Proof of vectorization of product of three matrices

823 Views Asked by At

On Wikipedia, it is written that $$\mathrm{vec}(ABC) = (C^\top\otimes A)\mathrm{vec}(B)$$ I am trying to show that it is true, but couldn't succeed. $A$ is $m\times n$, $B$ is $n\times p$ and $C$ is $p\times q$ matrix.

My attempts

The $ij$th element of the matrix $ABC$ is $$\sum_{k=1}^n\sum_{l=1}^pa_{ik}b_{kl}c_{lj}$$ Now, since $ABC$ is an $m\times q$ matrix, so if

$$i = am+b;\hspace{1cm}a\in\Bbb N,0<b<m$$ then the $i$th element of $\mathrm{vec}(ABC)$ is actually the element in the $b$th row and $a+1$th column in the matrix $ABC$ which can be found by the above double sum. But I don't know what to do for the RHS.

Please help

1

There are 1 best solutions below

4
On BEST ANSWER

Here's an approach I like, which avoids getting bogged down in summation and the vectorization reindexing wherein the $i,j$ entry of an $m \times n$ matrix becomes the $[1 + i + m(j-1)]$th entry of a length $mn$ column-vector.

We first observe that the maps $B \mapsto \operatorname{vec}(ABC)$ and $B \mapsto (C^T \otimes A)\operatorname{vec}(B)$ are linear maps from $\Bbb R^{n \times p}$ to $\Bbb R^{mq}$. In order to show that these maps are identical, it suffices to show that they agree on a basis.
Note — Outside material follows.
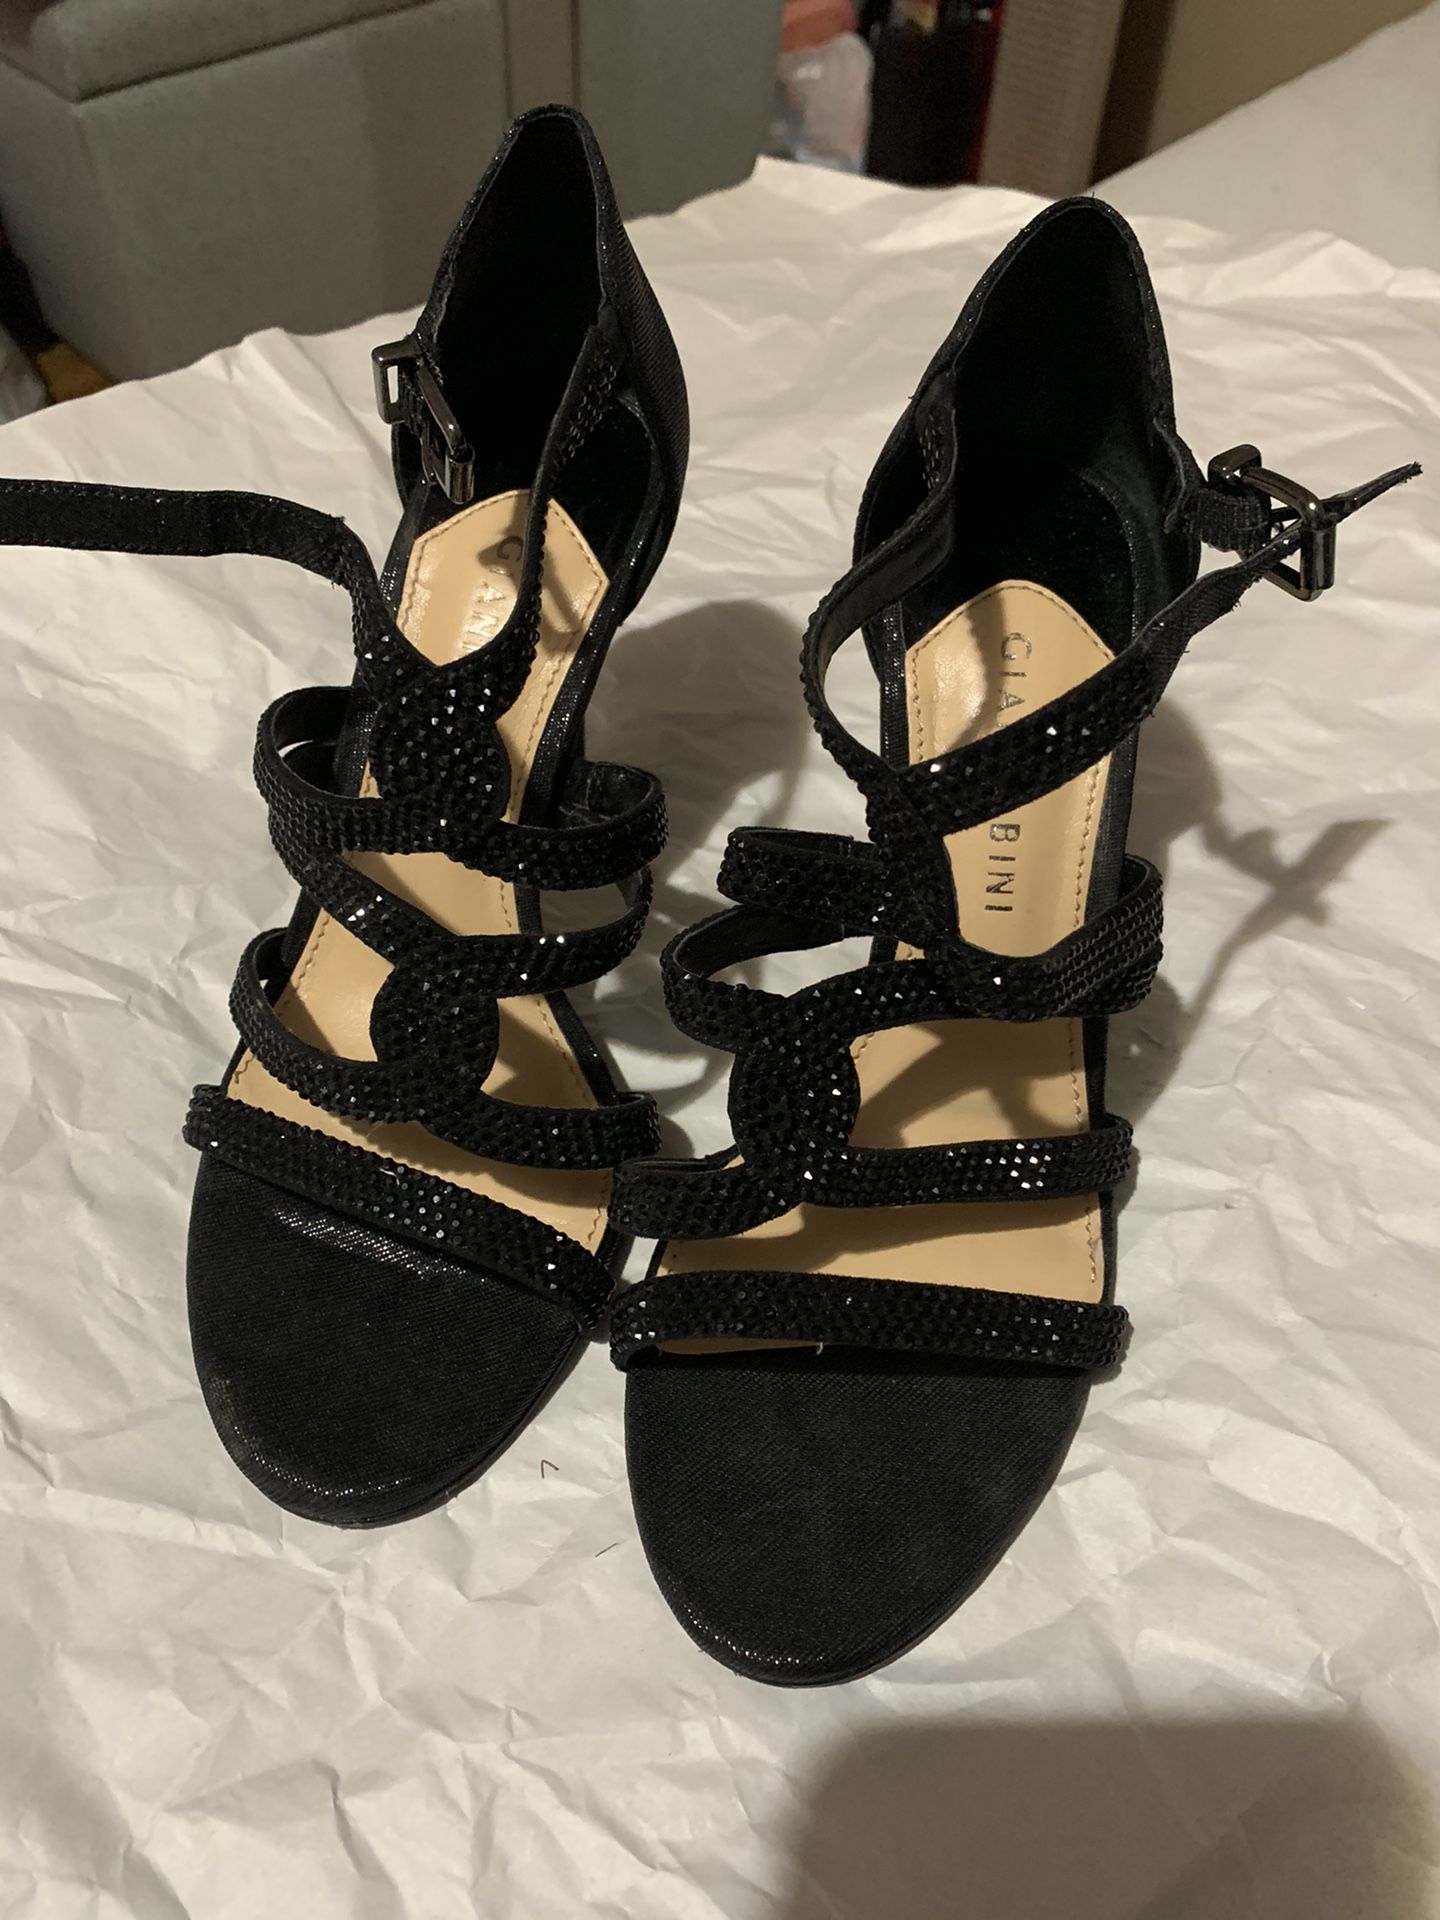 Party black heels size 6

One particularly nice basis of $\Bbb R^{n \times p} = \{E_{ij}: 1 \leq i \leq n, 1 \leq j \leq p\}$, where $E_{ij}$ denotes the matrix that has a $1$ as its $(i,j)$ entry and zeros everywhere else. We make two observations:

  • $E_{ij} = e_i^{(n)}{e_j^{(p)}}^T$ where $e_1^{(n)},\dots,e_n^{(n)}$ denotes the standard basis of $\Bbb R^n$,
  • $\operatorname{vec}(uv^T) = v \otimes u$ for any vectors $u,v$ (this in turn can be proven by first considering the case where $u,v$ are standard basis vectors), then making an argument by linearity.

We then have $$ \begin{align*} (C^T \otimes A)\operatorname{vec}(E_{ij}) &= (C^T \otimes A)\operatorname{vec}(e_i^{(n)}[e_j^{(p)}]^T) \\ &= (C^T \otimes A)(e_j^{(p)} \otimes e_i^{(n)}) \\ & = (C^Te_j^{(p)}) \otimes (Ae_i^{(n)}). \end{align*} $$ On the other hand, $$ \operatorname{vec}(AE_{ij}C) = \operatorname{vec}(Ae_i^{(n)}[e_j^{(p)}]^TC)= \operatorname{vec}([Ae_i^{(n)}][C^Te_j^{(p)}]^T) = (C^Te_j^{(p)}) \otimes (Ae_i^{(n)}). $$ The conclusion follows.